My job is to make you think.
How I do that can be covered in so many ways even with the traditional news type blogging but regardless of the how’s the end goal should be to get our readers to think about what has been written because then a really cool thing can happen. The reader wants to add their thoughts to yours and all of a sudden you have a live organic thought process happening that grows beyond the original piece. Does this always happen? No, and that is the ultimate shame and waste of this medium we have created because the reader has decided for whatever reason to abnegate their responsibility.
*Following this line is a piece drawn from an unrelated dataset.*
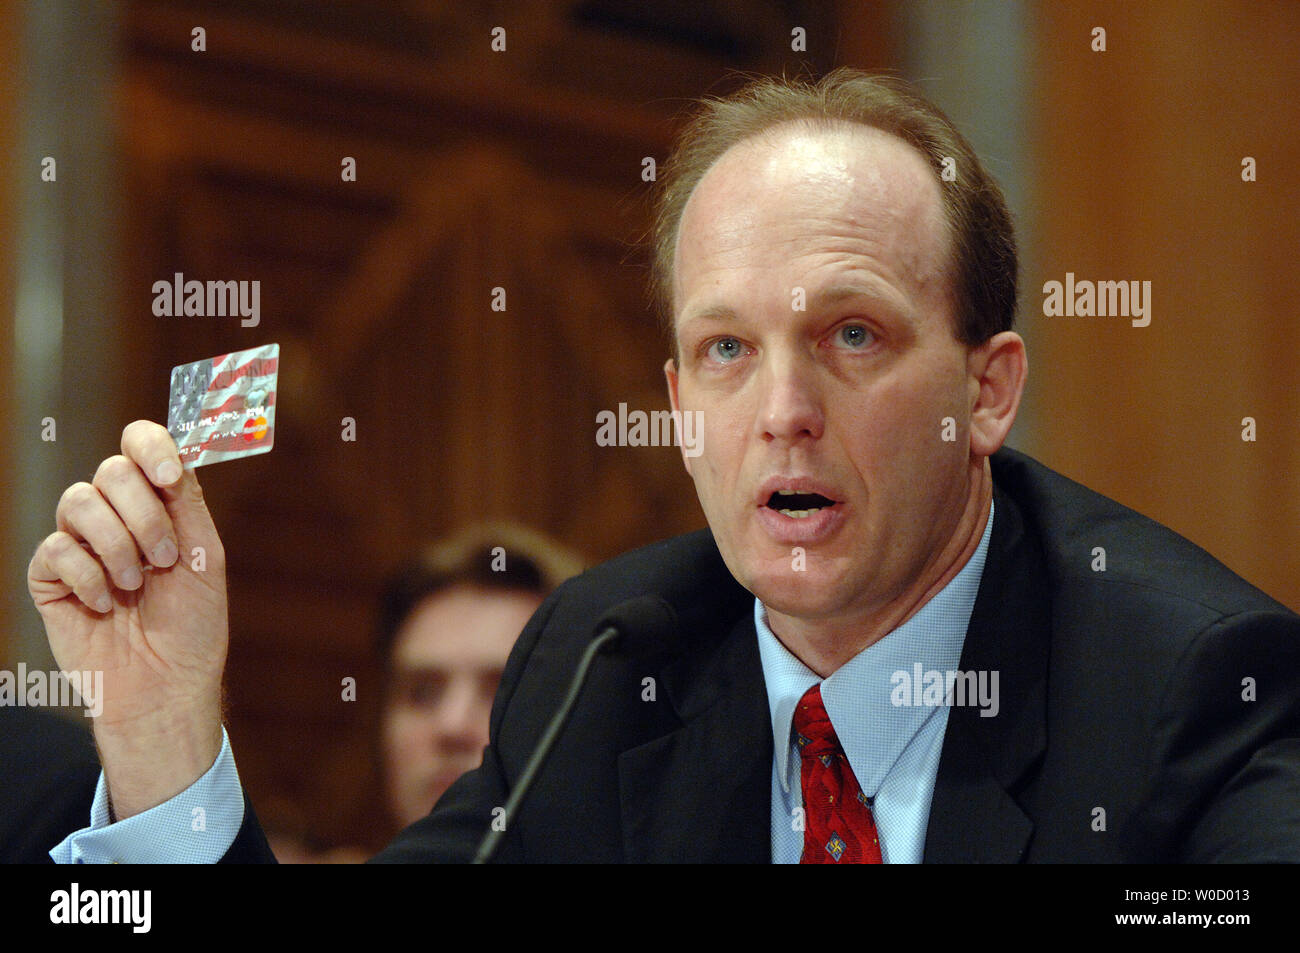 Gregory Kutz, managing director of forensic audits and special investigations, Government Accountability Office, holds up an ATM card like those given to hurricane victims as he testifies before the Senate Homeland Security and Governmental Affairs Committee about the waste and fraud generated in the aftermath of Hurricane Katrinta during a hearing on Capitol Hill in Washington on February 13, 2006. Witnesses described millions of dollars in fraudulent emergency payments and waste generated by poor oversight and planning by FEMA.   (UPI Photo/Roger L. Wollenberg) Stock Photo

Where my job might be to make the reader think it is the reader’s equal responsibility to engage with the news I might be reporting or the idea that I might be trying to get across and add value to it. That value can be anything from pointing out where I could be wrong and why through to add their own spin what has been posted or even previously commented. It is this communication that turns what is basically talking into a vacuum into a living document that we can all learn from.
I have been really lucky on both Mashable and my own blog here to have written some posts that have really engaged the readers - both good and bad. In either case though I have learned something and I would like to believe that those posts have contributed more than possibly better written posts that had no conversation build around them. As Robert said in his post
This is a participatory media, not a one-way one, and, while it has a different editing system (the editing is done post publishing, not pre publishing) it’s pretty clear to me that this system arrives at the truth a lot faster than anything on paper does.
But, you gotta read and participate in those comments! Lots of old-schoolers don’t like that dirty work.
Equally so readers need to participate because when they do bloggers get better at their jobs. Without our readers involving themselves in the conversation and keeping us on our toes - keeping us engaged in trying harder to make you think. In this process we all have a chance to learn and grow and isn’t that the whole idea behind this social media experiment we are all involved in?